Trade wars. Lockdowns. Production standstills. Cargo backups. Container shortages. Demand surges. Labor disputes. And Russian sanctions. If the last several years have taught companies nothing else, it's that strategic planning and risk management lie at the intersection of geopolitics and supply chain. As businesses brace for the long tail of disruption, this lesson will continue to assume importance.
Over the next 12-18 months, companies will be witnessing an avalanche in slow motion. Even as the pressure of cargo and vessel backflow begins to ease, there’s no turning it around. And, as it runs its course, it will continue to alter the geopolitical and market landscape in ways both predictable and unknown. While certain questions will only be answered in time, following are three imminent threats that many businesses aren’t paying enough attention to.
The ILWU and PMA contract renewal. The sun will set on the current labor agreement between the International Longshore and Warehouse Workers Union (ILWU) and Pacific Maritime Association (PMA) at midnight on June 30, 2022. An agreement acceptable to both sides is uncertain, since each is locked in a battle to avoid an existential threat.
On the part of laborers, the threat lies in the increasing use of port automation. For the PMA, it includes the prospect of a longshore strike that would paralyze U.S. and Canadian ports along the West Coast, and unleash yet another shock wave of disruption. Cargo would have to be diverted through the Indian Ocean into the Suez Canal, exiting the Mediterranean and entering the Atlantic, or passing through the Panama Canal.
This scenario is enormously problematic in its own right, but even if a strike is avoided, the canal's infrastructure puts it at grave risk of quickly creating a bottleneck of 80-90 vessels. (Which means skyrocketing costs for companies and U.S. consumers.)

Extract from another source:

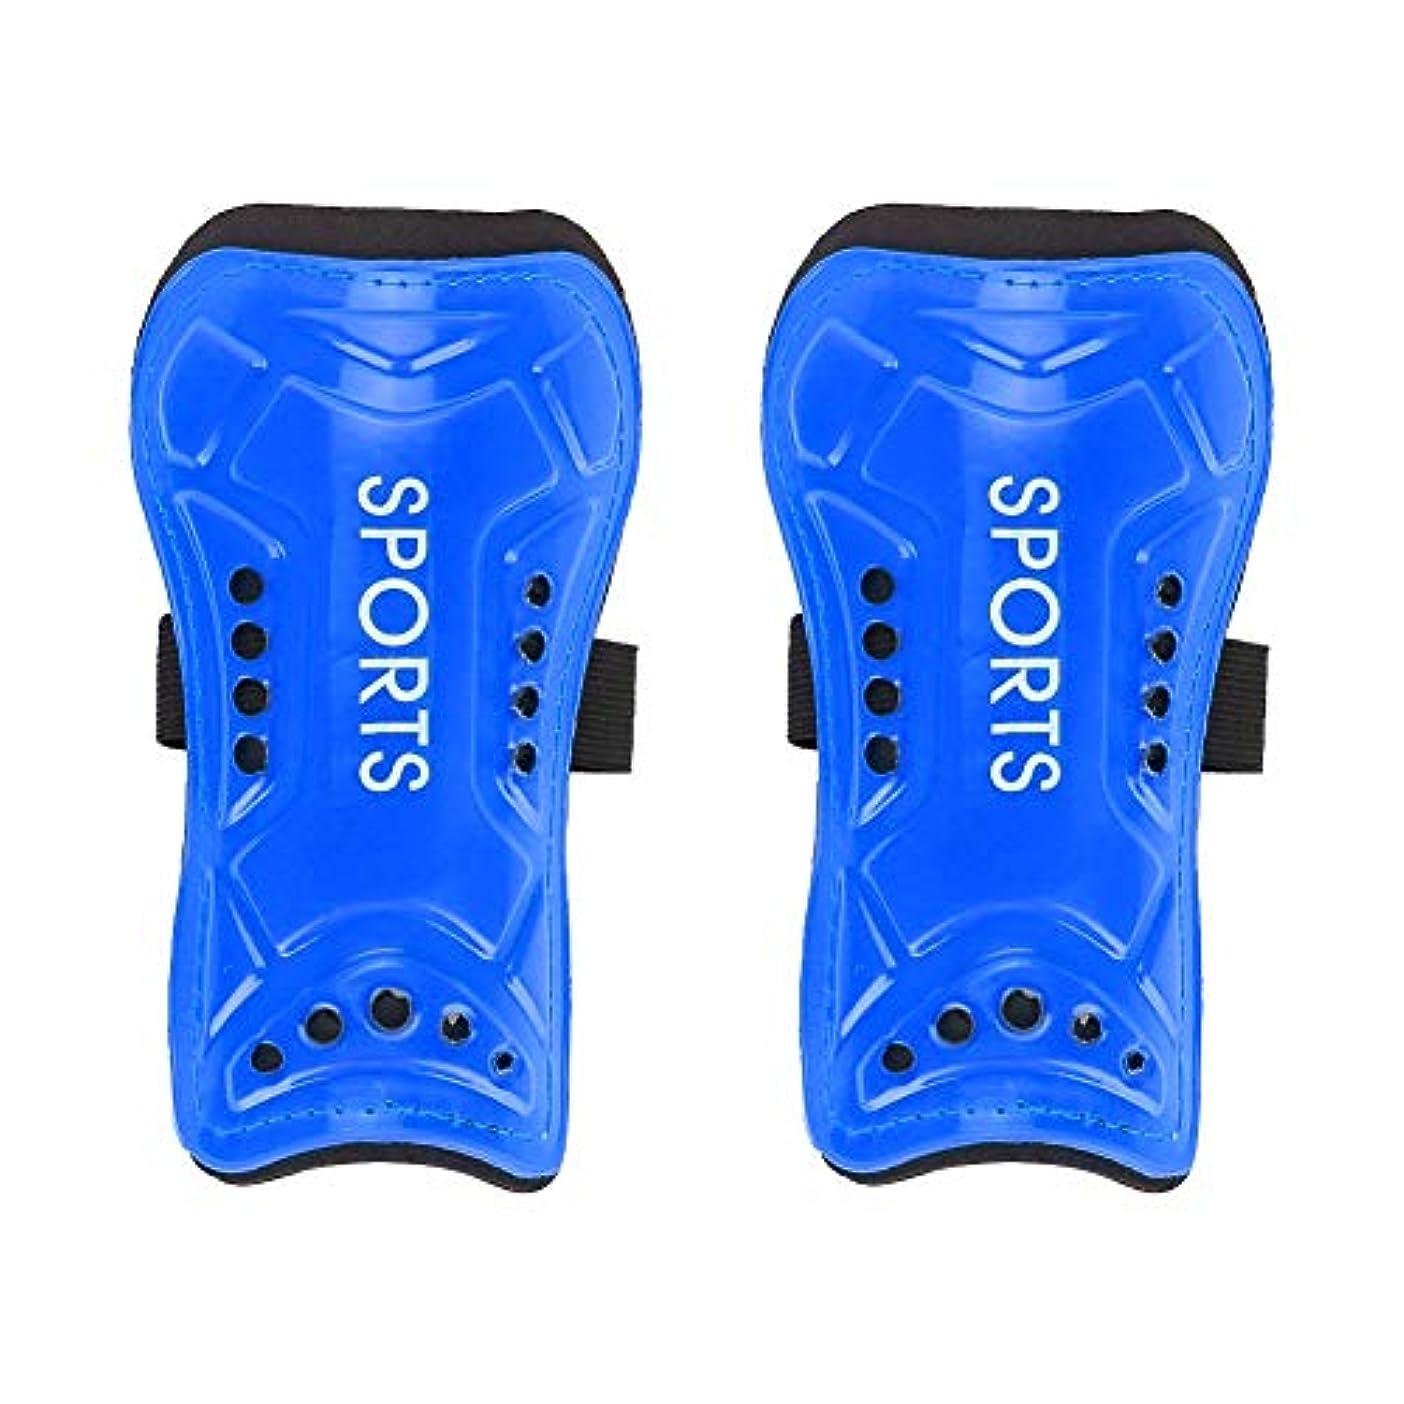 チェススタック同化するShin Pads、チャイルドフットボールShin Padsトレーニングレッグガードスポーツ安全プロテクターアジャスタブルストラップ

Global schism and Cold War 2.0. The global system is undergoing a schism related to two centers of power, one hegemonic (the U.S.) and the other rising (China), along with the strategic alliances respective to each. With the modus vivendi of systemic coordination between Beijing and Moscow and the invasion of Ukraine, Russia appears to be positioning itself to play the long game. The implications of this are a second cold war between the hemispheric alliances that are solidifying between players such as Russia, China, and Iran, each making the others less vulnerable to U.S. and NATO sanctions.
We can expect further destabilization and a redrawing of alliances with China's efforts to reconfigure supply chains away from western or U.S.-controlled sea lanes. Given that around 80% of world trade is conducted via these routes, China's Belt and Road Initiative is steadily creating land-based connectivity across Asia and into Europe.

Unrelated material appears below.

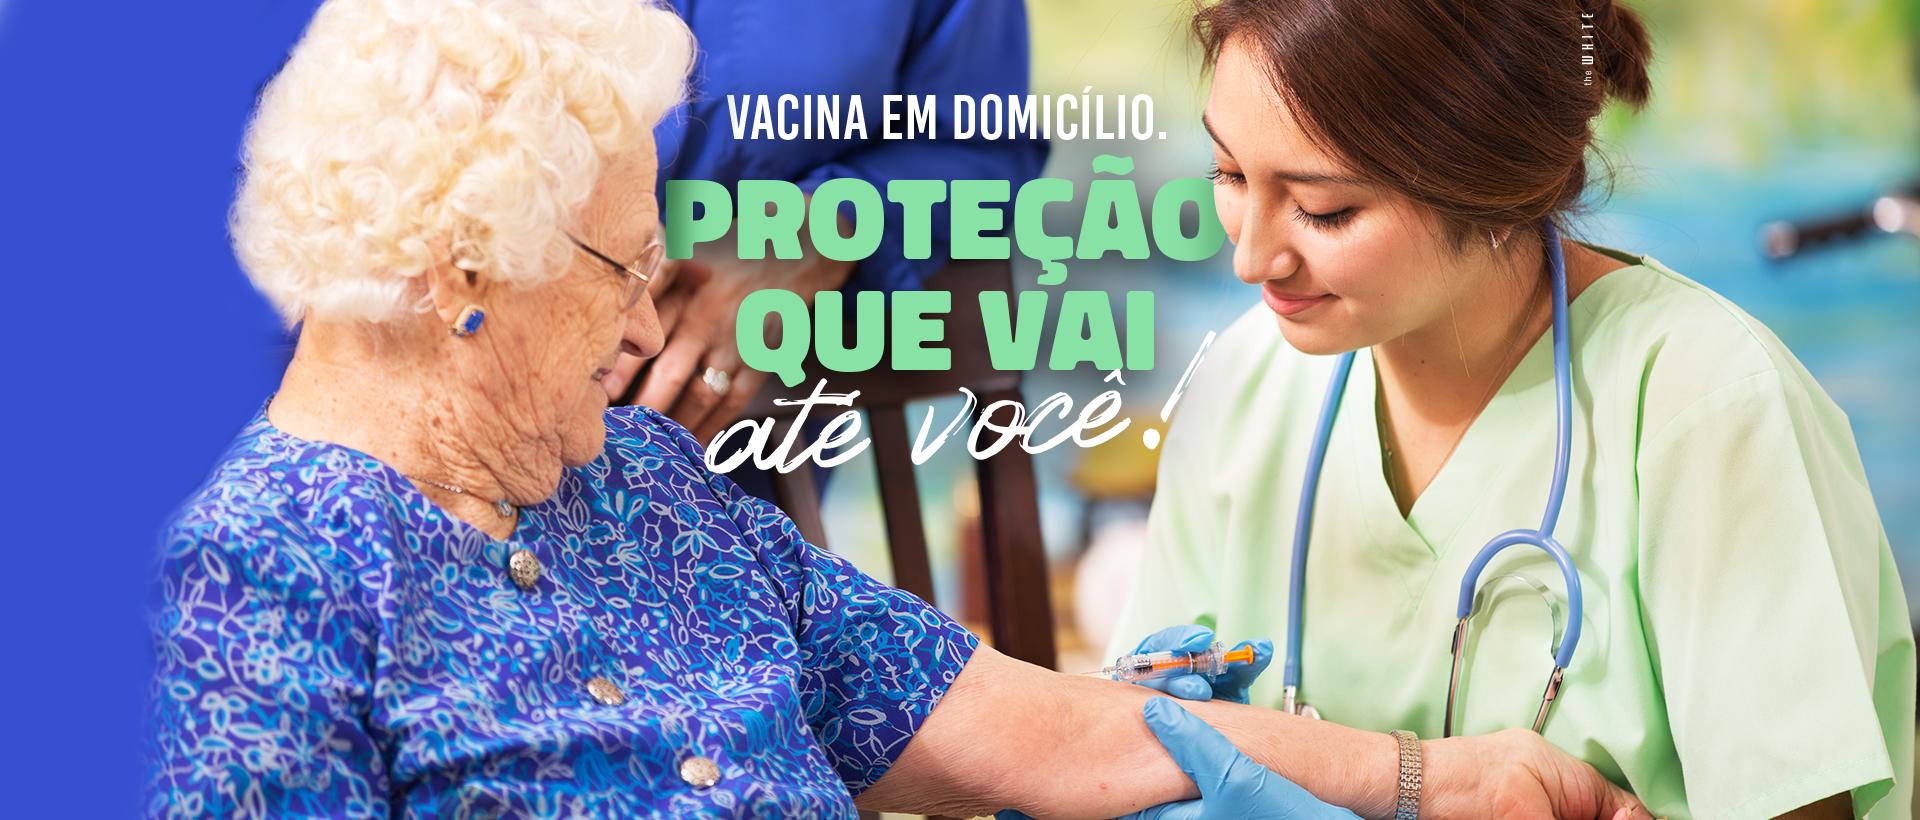 Vacinar em Domicilio

From a purely logistical perspective, Belt and Road has been a stunning achievement. China has been exceptionally shrewd about investing in relationships, partnerships, and infrastructure at major port cities along the Pacific and Indian oceans, various seas, the Mediterranean and even the Atlantic. What we’re witnessing is a series of ports owned and operated by Chinese state-owned enterprises or Chinese companies. The danger is that China increasingly has the naval and commercial power to conduct trade by hopscotching from port to port. In the case of a conflict, it could force countries into operationalizing these ports to function in ways contrary to U.S. interests, further compromising American hegemony and putting supply chains at greater and greater risk.
Complex reshoring challenges. Positive efforts by both political parties are being made to reshore critical supply chain infrastructure, with new fabrications and foundries under construction in Arizona and Ohio. These efforts are to be celebrated, but we’re not yet ready to tackle the broader challenge underlying the chip shortage.
Even with new fabs underway, our ability to access raw materials and resources is highly limited. Production of next-generation semiconductor components depends on access to a wide range of raw materials that are sourced from only a few places. (The alternative is to synthetically manufacture them via other materials and compounds — bauxite, aluminum, alumina, and their byproduct, gallium — that pose equal or greater procurement challenges.)
Much research indicates that gallium is the super-material of the future for advanced semiconductor manufacturing and applications for extreme temperature ranges or data-intensive physical hardware. And China holds majority control of the world's bauxite resources, and hegemonic power over gallium production.
But here's where it gets really interesting. Australia sits on a large bauxite reserve and is one of the world’s top bauxite manufacturing countries. Geographically, China is in Australia's backyard — far closer than the U.S., and too close for comfort. Given Australia's long membership in the western commonwealth, the U.S. must contend with the question of how to protect its interests. Reshoring is far more geopolitically complex and economically challenging than is often recognized.
As the avalanche of supply chain disruption continues to run its course, companies that lack the insight and agility to avoid the worst of it are those most likely to be buried. Proven partners with a diverse portfolio of supply chain options and decades of experience in helping customers weather complex risks are worth their weight in gold. While there's no stopping the avalanche, solutions often exist — if you know where to look for them. Whether they’re sought through domestic production, repurposing of parts and components, innovative engineering hacks or some other strategy, efforts undertaken at the intersection of geopolitics and supply chain are companies' best chance at success.
Mark Dohnalek is president and chief executive officer of Pivot International, a global manufacturing, product development, engineering and technology company.